DATASET EXTRACT: Begin

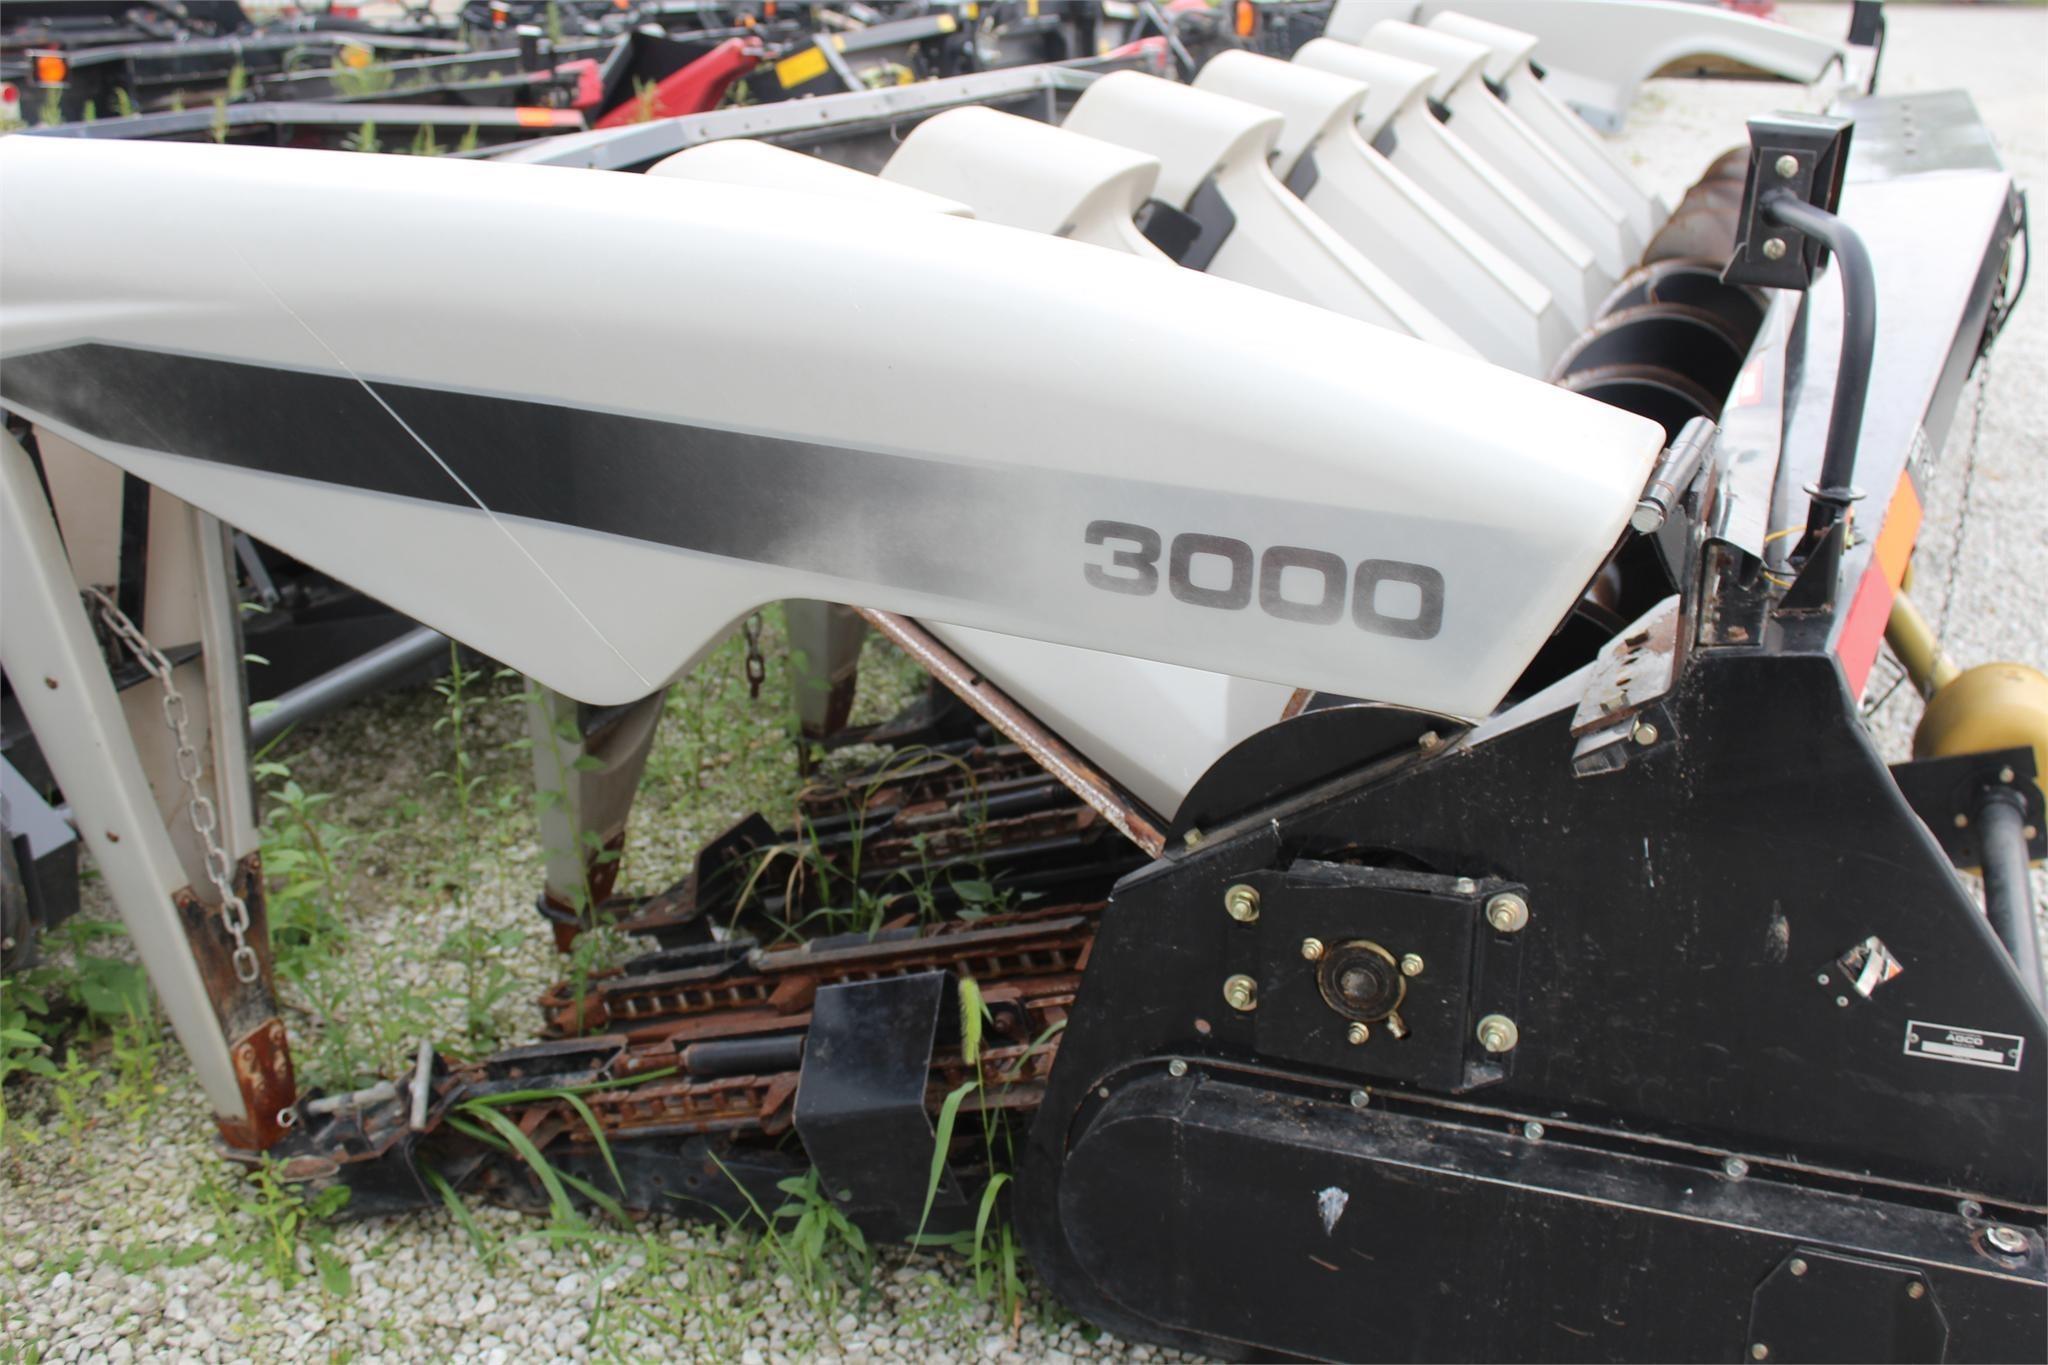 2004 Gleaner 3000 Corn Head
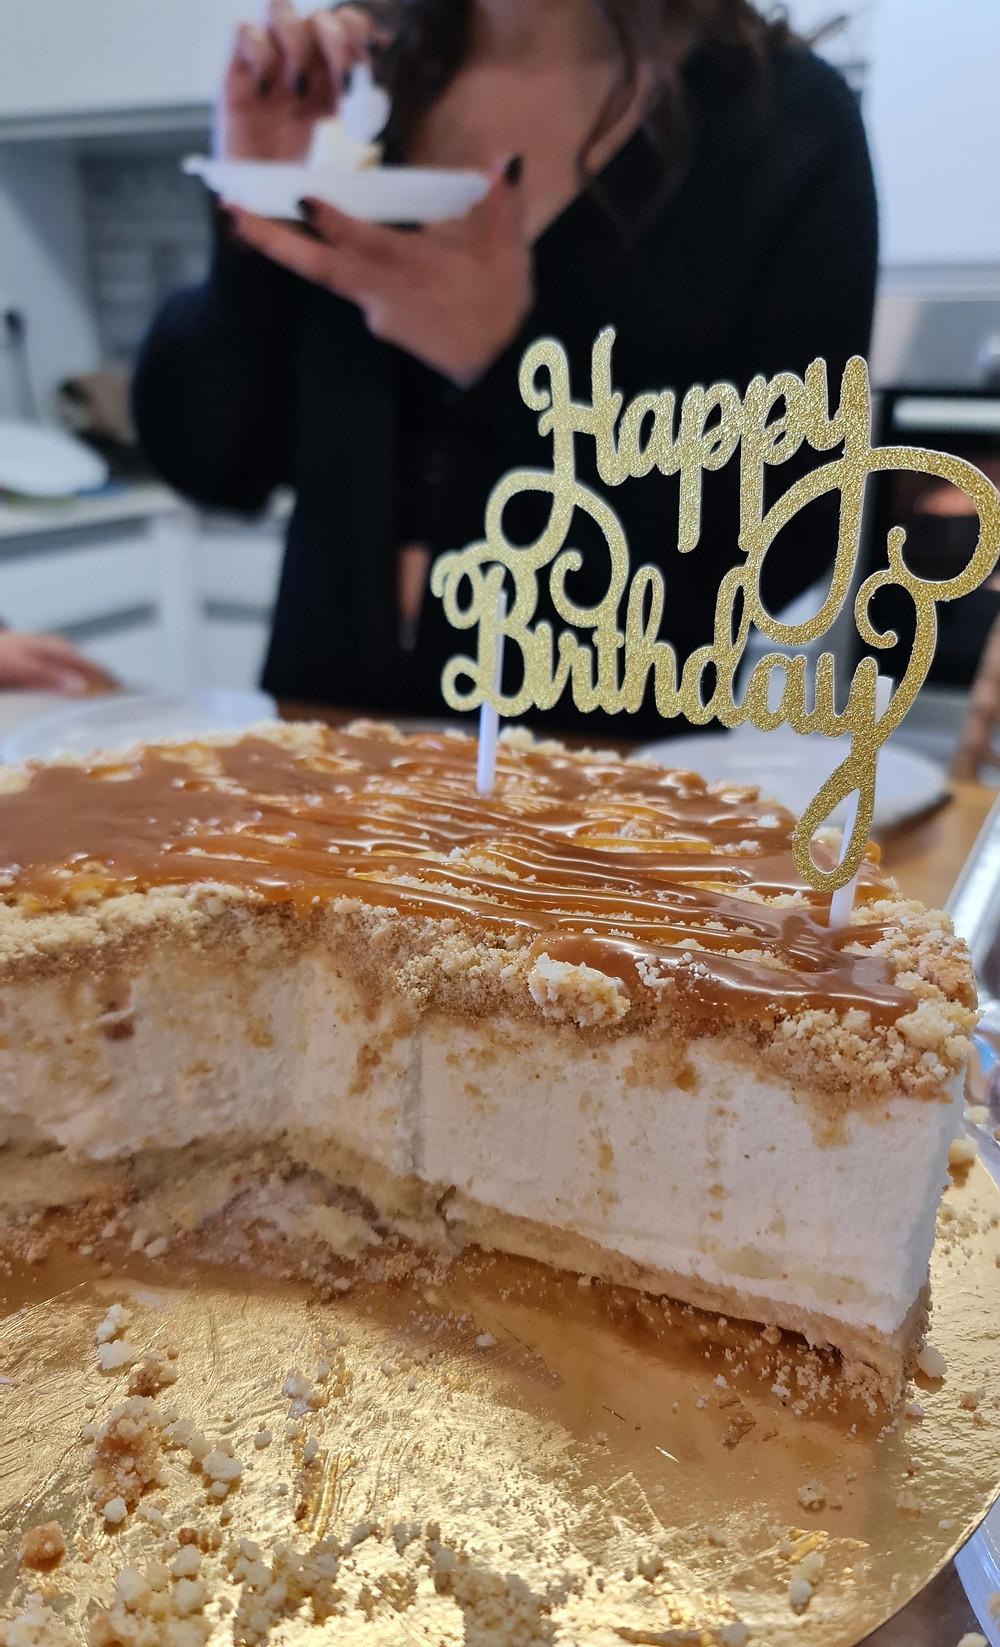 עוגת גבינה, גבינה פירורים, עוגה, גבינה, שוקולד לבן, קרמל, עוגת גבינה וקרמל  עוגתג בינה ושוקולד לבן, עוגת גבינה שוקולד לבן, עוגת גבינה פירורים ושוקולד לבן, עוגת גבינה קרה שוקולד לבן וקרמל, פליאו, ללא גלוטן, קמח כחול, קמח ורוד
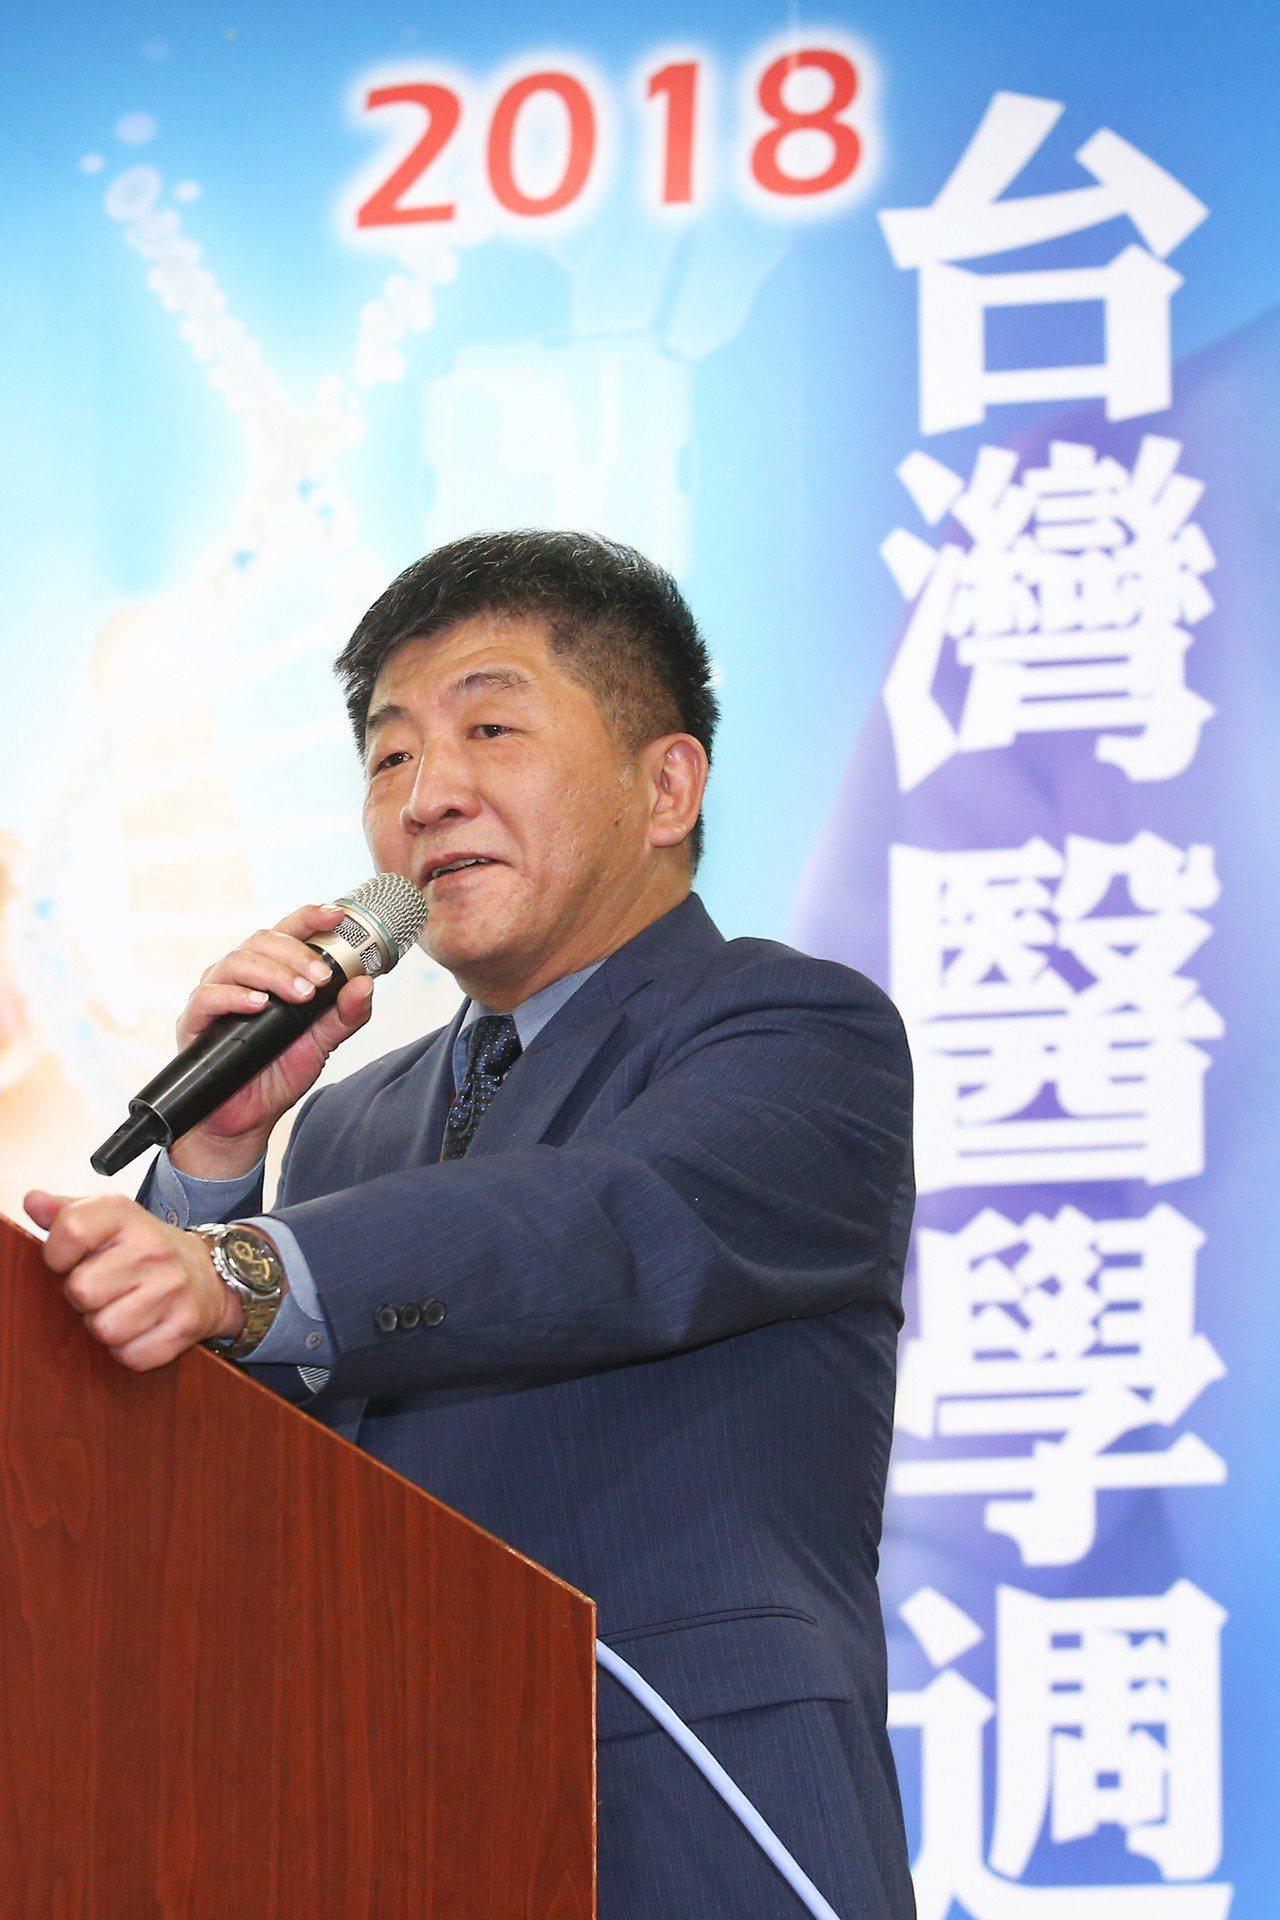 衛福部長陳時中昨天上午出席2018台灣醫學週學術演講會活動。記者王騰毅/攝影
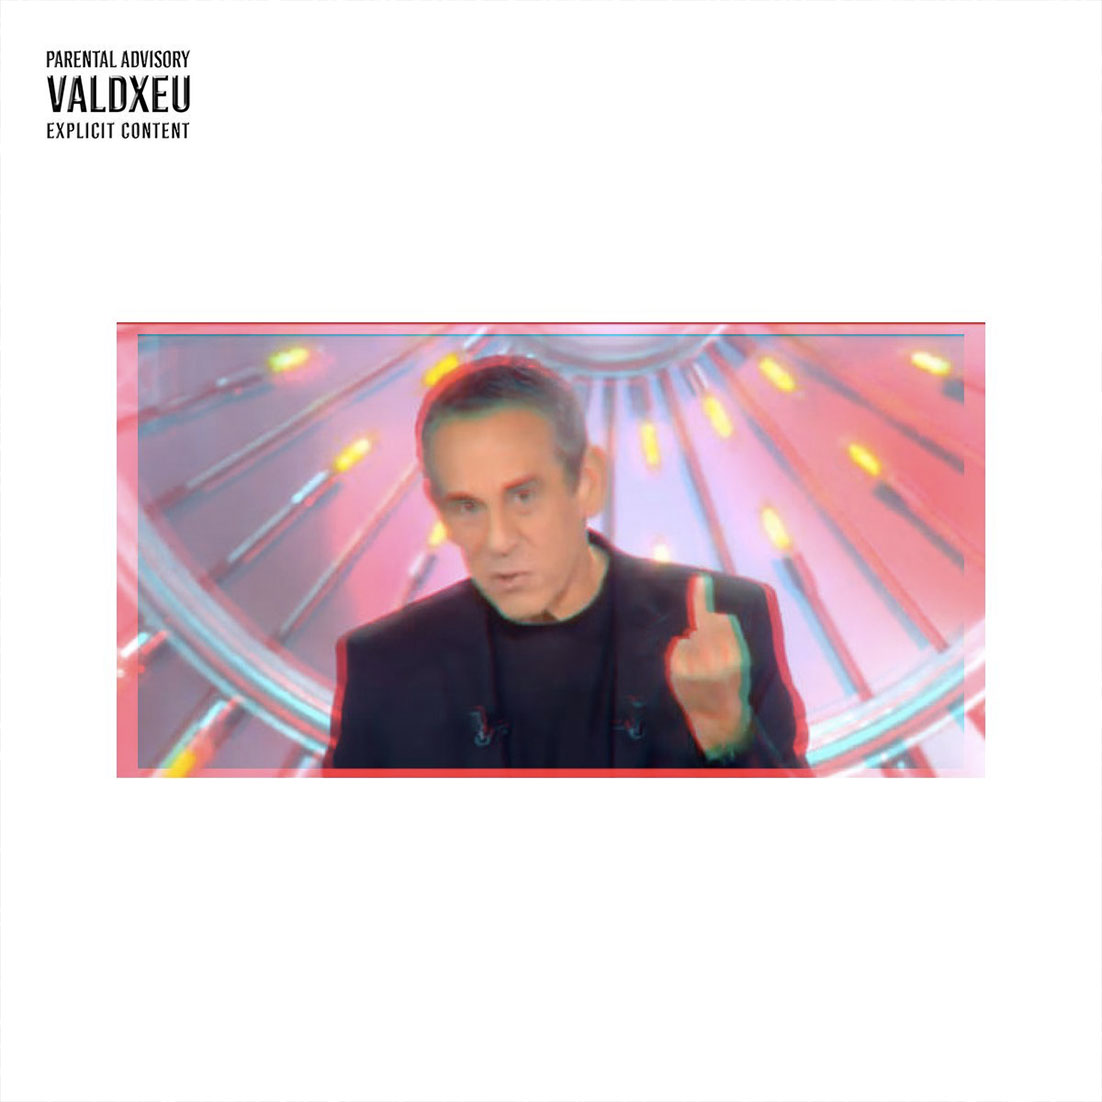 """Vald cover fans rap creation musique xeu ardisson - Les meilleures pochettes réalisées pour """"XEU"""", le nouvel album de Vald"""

DATASET EXTRACT: End

**INSTRUCTIONS TO FOLLOW:** Pictures aside, repeat exactly every line from the top of the listing above through the line bearing "衛福部長陳時中昨天上午出席2018台灣醫學週學術演講會活動。記者王騰毅/攝影", inclusive.

**OUTPUT:**
 2004 Gleaner 3000 Corn Head
 עוגת גבינה, גבינה פירורים, עוגה, גבינה, שוקולד לבן, קרמל, עוגת גבינה וקרמל  עוגתג בינה ושוקולד לבן, עוגת גבינה שוקולד לבן, עוגת גבינה פירורים ושוקולד לבן, עוגת גבינה קרה שוקולד לבן וקרמל, פליאו, ללא גלוטן, קמח כחול, קמח ורוד
 衛福部長陳時中昨天上午出席2018台灣醫學週學術演講會活動。記者王騰毅/攝影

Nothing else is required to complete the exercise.